All of a sudden, it was like I didn’t count at all. Like I didn’t even exist. Of course, the awful truth about life is that we really don’t count, that we don’t really exist. When plopped down in a setting like that, you really come to terms with reality. Like being in the army. I would hate being in the army.

When you’re alone, at least you get the false impression that you mean something, that you’re actually someone. But that place, hundreds of people all lined up in rows. All these people banging away at their keyboards, it’s really not that much different than it was fifty years ago. Like in the movie The Apartment. Yes, just like Jack Lemmon in The Apartment.

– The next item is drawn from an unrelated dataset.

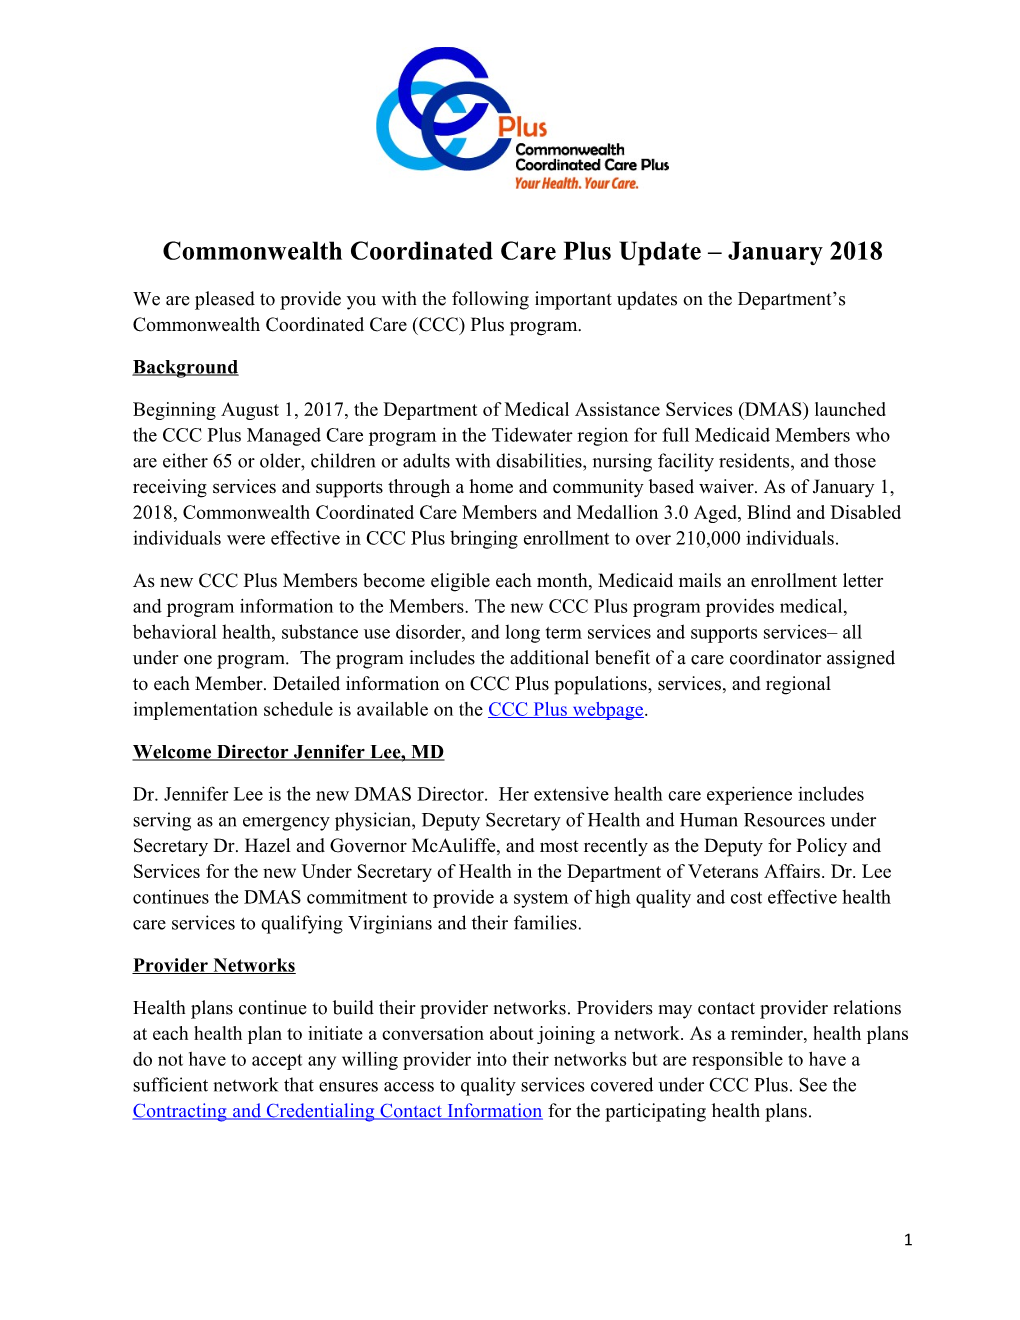 Commonwealth Coordinated Care Plus Update January2018

And the worst part: where was all the corporate nookie? If I was going to whore myself out to corporate America, the least it could do in return is throw me a little of that Fortune 500 beaver. From everything I’d seen in the movies and on TV, I was expecting a veritable Roman orgy. You know, Caligula style. Instead, I felt like a galley slave, an oarsman on a Roman barge more akin to Ben Hur.

Where were all the hilarious hijinks and compromising situations like in The Secret of My Succe$s , or Mad Men. Where was the quickie in the copy room, the blow job in the bathroom? There was nothing, not even a reach around in the supply closet.

The only thing worse than the feeling like I was part of some Hitler youth group was, believe it or not, the boredom. I even thought about finding a pair of those eyes-in-the-glasses, glasses. You know, the ones with the open eyes in the lenses that make you look like you’re awake even when you’re sleeping? The ones Homer Simpson had.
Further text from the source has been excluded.